И опять какая-то загадочно-умиленная улыбка осветила ее доброе старческое личико.
– Заперла, – серьезно сказала Марья, – дюже крепко.
И все молча разошлись.
Степан Андреевич тщательно запер ставни. Он лег, но не мог спать. То ли он в самом деле заболевал воспалением легких, но какой-то кошмар навалился на него и свинцовым крылом придавил ему сердце.
Все те ужасы, о которых ему рассказывали и которые легкомысленно воспринимал он как некое полусказочное прошлое, вдруг ожили и предстали перед ним в отвратительной действительности. Визг Лукерьи еще звучал в ушах. Он только сейчас ясно осознал, что испытала она, когда вот под такой же звонкий галоп билась о камни баклажанской мостовой.
Не думать! Нельзя думать!
Наступило ясное, свежее утро, но что-то навсегда утратилось в этой красоте зеленого и голубого.
На дворе шел оживленный разговор.
Зашел Зверчук, еще кто-то, какие-то две жінки.
– Вот видишь, Степа, – сказала Екатерина Сергеевна, улыбаясь, – оказывается, вчера ограбили и ранили нашего мельника Розенмана… Знали, что у него были деньги… Приехали верхом в масках. Он тревогу поднял, а они моментально за револьверы.
– У одного ружье было, – ввернул со смаком Зверчук.
– Уж, конечно, и ружья и револьверы. Ранили его в живот и деньги забрали.
– А милиция?
– Какая у нас милиция!
– Но их же, наверное, будут… стараться арестовать?
– Неизвестно, какая у них банда!
И все загадочно покосились на черневшую вдали степь.
Зверчук махнул рукой.
– Та не банда! Та просто грабилы!
– Ничего не известно.
Все с каким-то даже упреком поглядели на Зверчука, словно он разрушал какие-то приятные иллюзии.
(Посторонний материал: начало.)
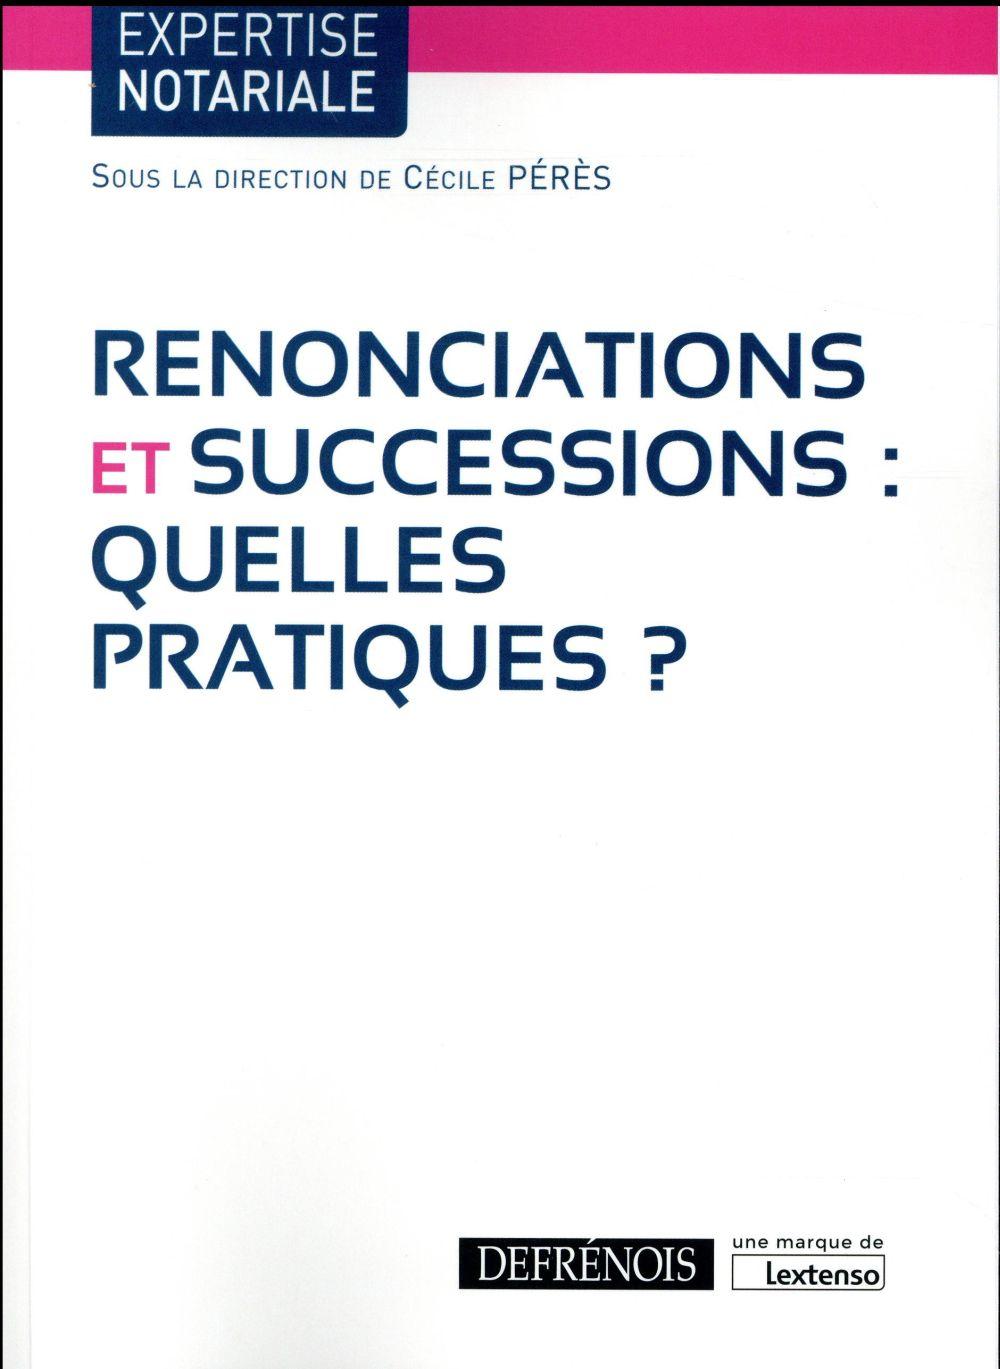 Renonciations et successions : quelles pratiques ?

– Вы думаете, просто воры? – с надеждою спросил Степан Андреевич, не в силах проникнуться прелестью этой романтики,
– А як же!
Степан Андреевич пошел на базар. Он хотел рассеяться. На улицах было, по обыкновению, пусто, но на базарной площади толпился народ среди желтых горшков, зеленых кавунов и красных баклажанов.
И все передавали друг другу свои впечатления и что испытали они, услыхав ночью стрельбу. И на всех лицах было то же самое загадочное выражение, словно никто не верил, да и не хотел верить, что это просто так себе.
Еще неделю назад тому, бродя по этому базару, Степан Андреевич воображал себя на Сорочинской ярмарке и думал: «Вот прошло сто лет. Какая разница? Теперь даже еще как-то спокойнее: тогда были свиные рыла и красная свитка». Но теперь он понял. Не свиные рыла, но что-то неизмеримо более страшное почуял он вдруг, и ясно представилась ему эта площадь с брошенными можарами и лотками, по которой скачут всадники в мохнатых шапках, и для этих всадников смерть человека есть лишь привычный взмах отточенной сабли. И страстно потянуло в милую Москву, где уже давно отжили все эти страхи, опять захотелось трамваев, автобусов, знакомой сутолоки.
Группы каких-то хуторян шептались между собою, но, когда подходил Степан Андреевич, умолкали. Москвич – надо опасаться. Степан Андреевич твердо решил: уезжать как можно скорее. Но он боялся проявить трусость и за завтраком сказал дипломатично:
– Такие у вас интересные события, а мне приходится ехать.
– Что ты, Степа, – воскликнула Екатерина Сергеевна, – да разве теперь можно ехать. Они ж будут теперь по дорогам грабить.
И Вера сказала:
– Да, ехать сейчас не советую.
Степан Андреевич почувствовал глубокую жуть. Оставаться в Баклажанах, с этими средневековыми людьми, кающимися из-за одного поцелуя и ненавидящими горемычных, имевших несчастье любить их – любить в самом деле больше жизни?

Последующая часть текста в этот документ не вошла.